Il clan autonomo nato nell’agrumeto del mammasantissima. Il politico inguaiato dalle rivelazioni del pentito (e poi prosciolto). La doppia emigrazione calabrese e i delitti di Bra

Pubblicato il: 10/11/2022 – 6:49
di Paride Leporace
Nella Granda di Slow Food, dove la ‘ndrangheta resta presunta

E’ la Granda. La provincia più grande del Piemonte. Quella di Cuneo. Terra di battute celebri di Totò. Terra di alpini. Granda significa grande in piemontese.
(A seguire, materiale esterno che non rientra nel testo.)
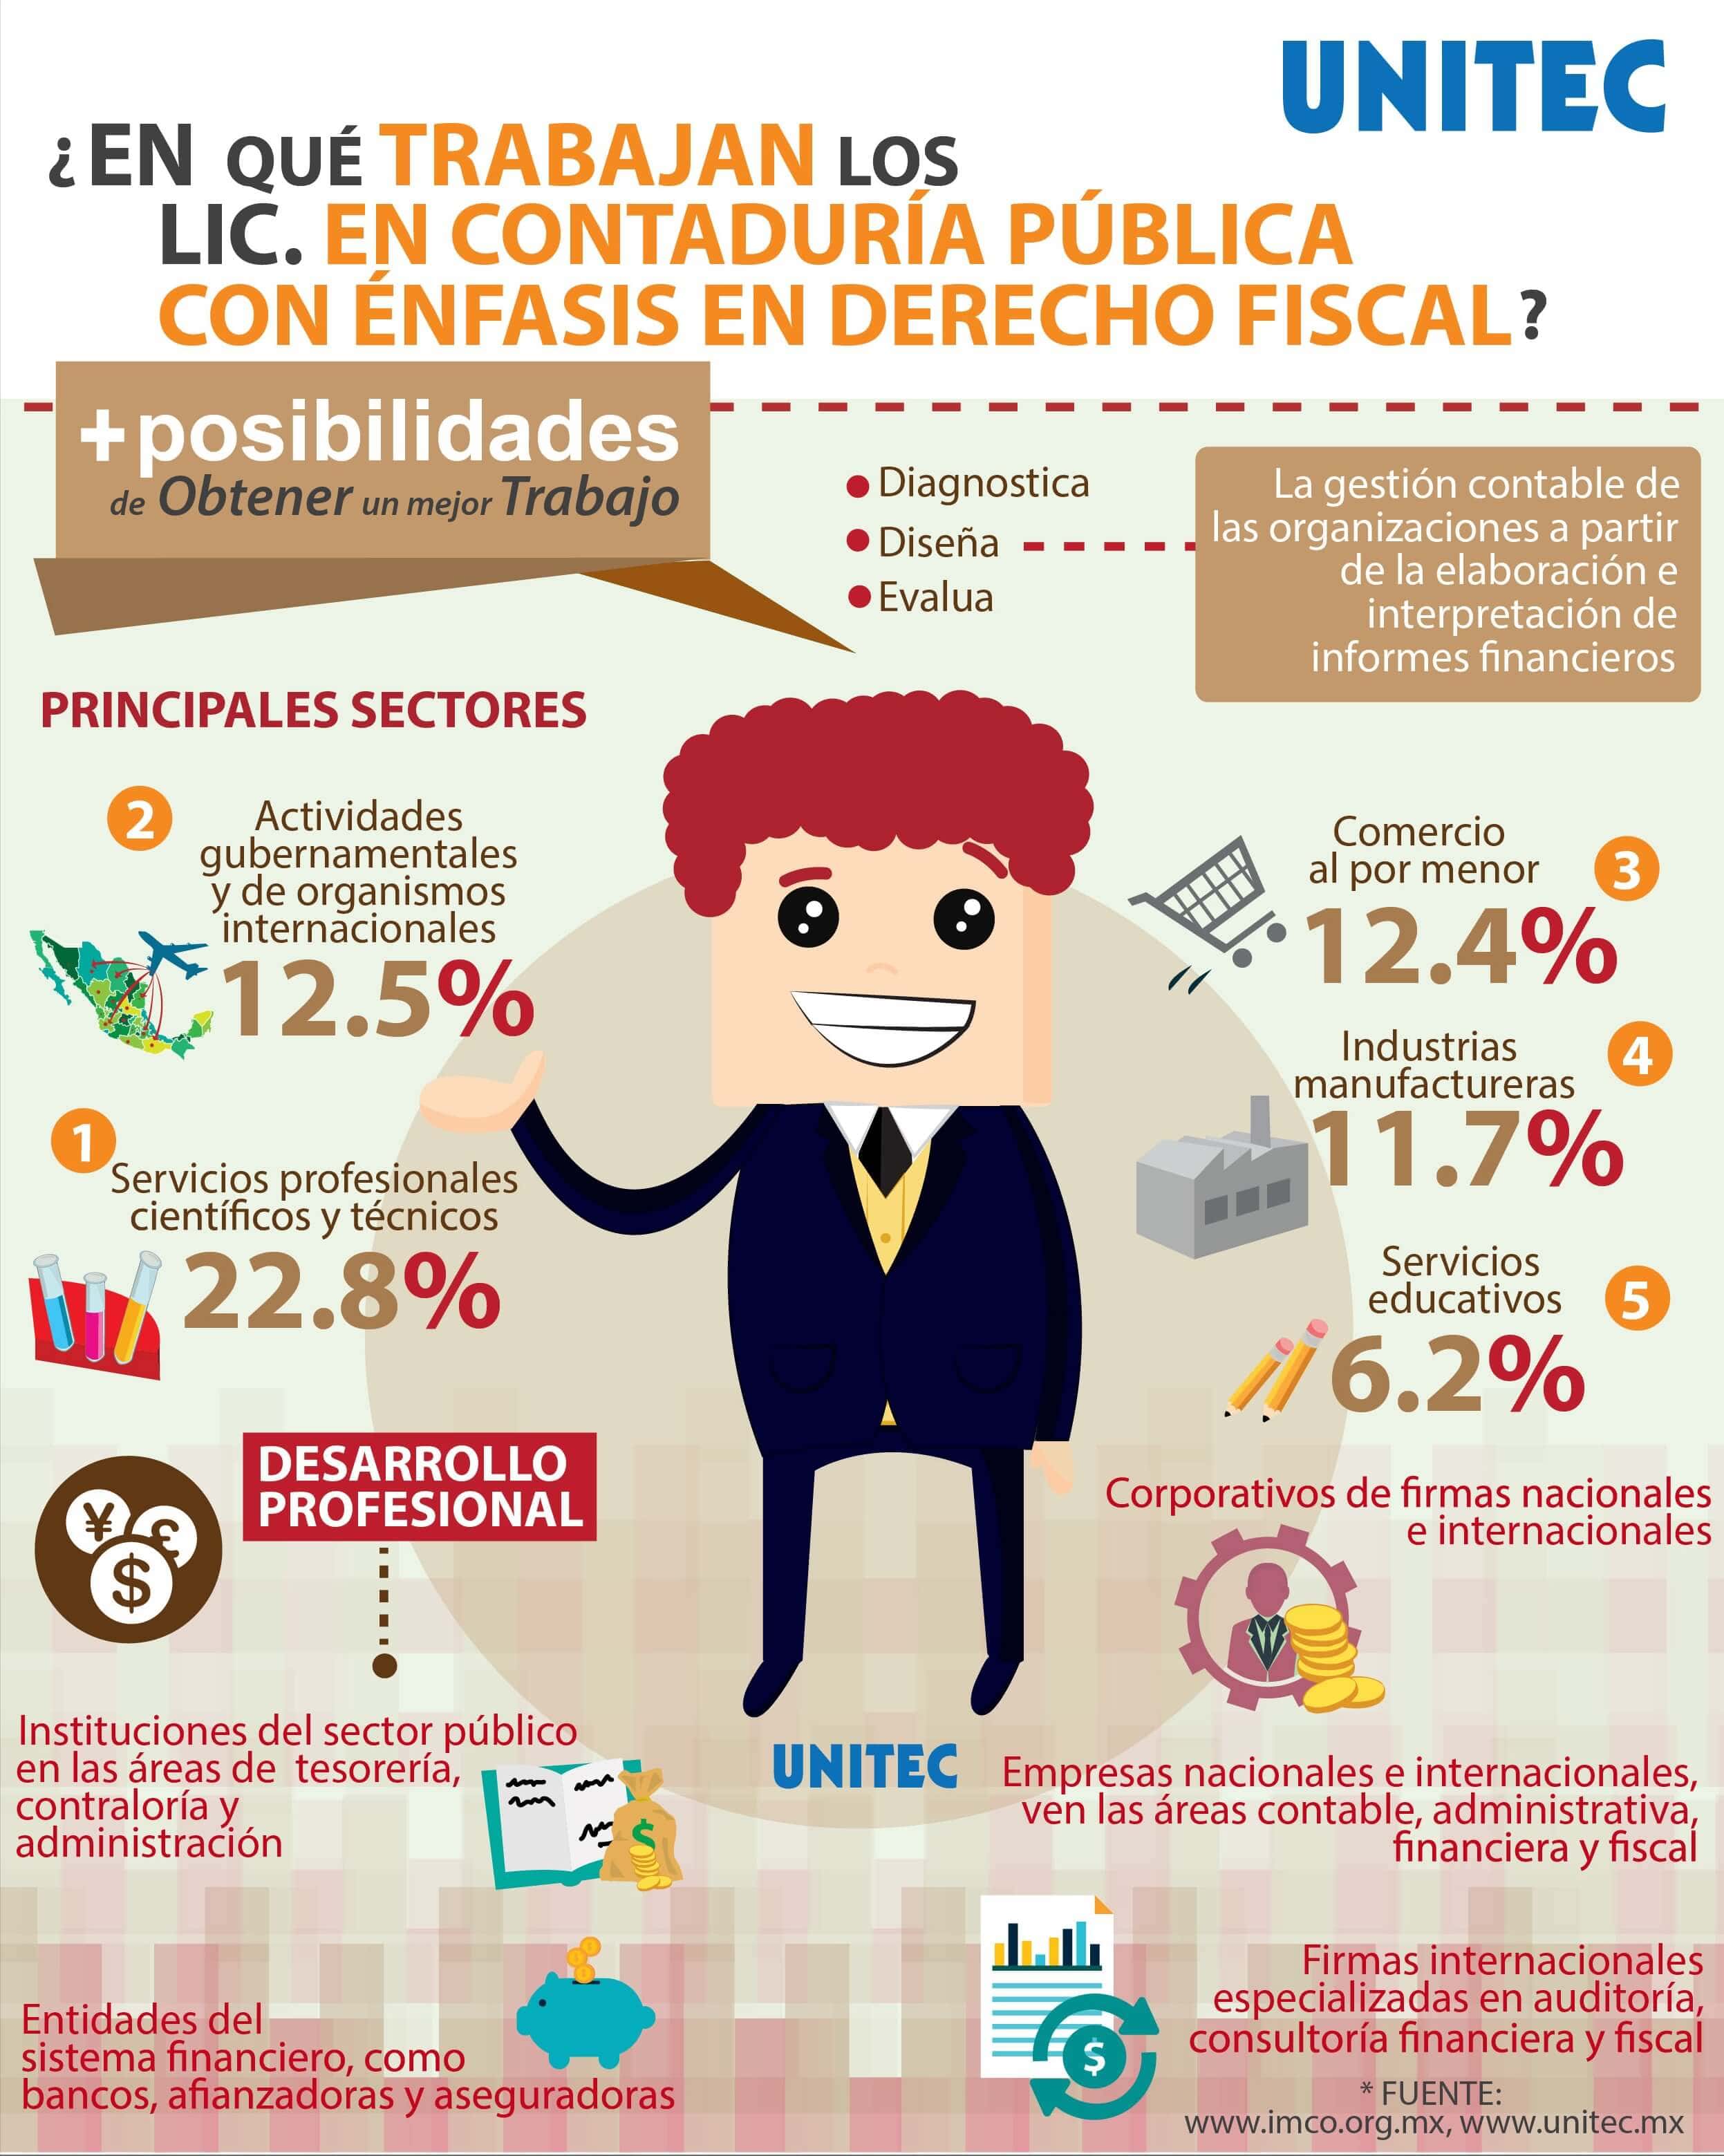 Contadura_Pblica_con_nfasis_en_Derecho_Fiscal-01.jpg

Tra le colline della Langa e del Roero vivono seicentomila abitanti in 250 comuni.
Provincia a misura d’uomo senza metropoli e in cui i centri più grandi si chiamano Cuneo, Alba, Bra, Fossano, Mondovì, Saluzzo e Savigliano. Qui ci si conosce tutti.
Qui vige la filosofia del bògianen (colui che non si muove in dialetto) attaccato alle sue radici.
Ma le emigrazioni hanno spostato uomini e donne. Calabresi, come al solito. E anche qui in questa remota terra ricca di giacimenti culturali favolosi hanno scoperto che convivevano con la ’ndrangheta.
Ad Alba repubblica partigiana raccontata da Fenoglio e ricca di tartufi, nel 2009 città con la migliore qualità della vita italiana. Nove anni dopo i carabinieri scoprono la Locale del malaffare.
Scrissero i pm nella prosa giudiziaria: «Significativo che alcuni imprenditori abbiano preferito rivolgersi alla ’ndrangheta per far valere le proprie ragioni creditorie (prestiti fino a 100 mila euro) o siano disposti a versare fino a 2 mila euro al mese per ottenere protezione».

La locale autonoma nata nell’agrumeto del padrino a Rosarno

Il boss Rocco Zangrà comanda e assegna gradi insieme alle famiglie Caterisano, Emma, Stambè. Tentacoli che si sono infiltrati anche nell’Asti calcio regalata dall’ex presidente Pier Paolo Gherlone ai Caterisano, ma anche la Pro Asti Sandamianese, la Us Costigiole Calcio e la Motta piccola California. Piccole società che consentivano ai compari anche di gestire i campi di gioco.
Nell’agrumeto del padrino Rocco Oppedisano, il 30 agosto del 2009 a Rosarno, Zangrà aveva ottenuto il permesso di aprire un’autonoma locale ad Alba, stesso permesso a Michele Gariuolo per Sommariva del Bosco. Sotto gli aranci la nuova cosca riceveva autorizzazione per gestire nuovi affari nella terra dei tartufi con secessione della grande ’ndrina piemontese di Rocco Pronestì. Soldi e business gravitavano attorno a Concretocem snc, la Mercurio Calcestruzzi snc a Castagnole Lanze e la Giacosa sas, azienda agricola all’ingrosso di frutta e verdura a Motta di Costigliole. Mafia militare che diventa imprenditrice.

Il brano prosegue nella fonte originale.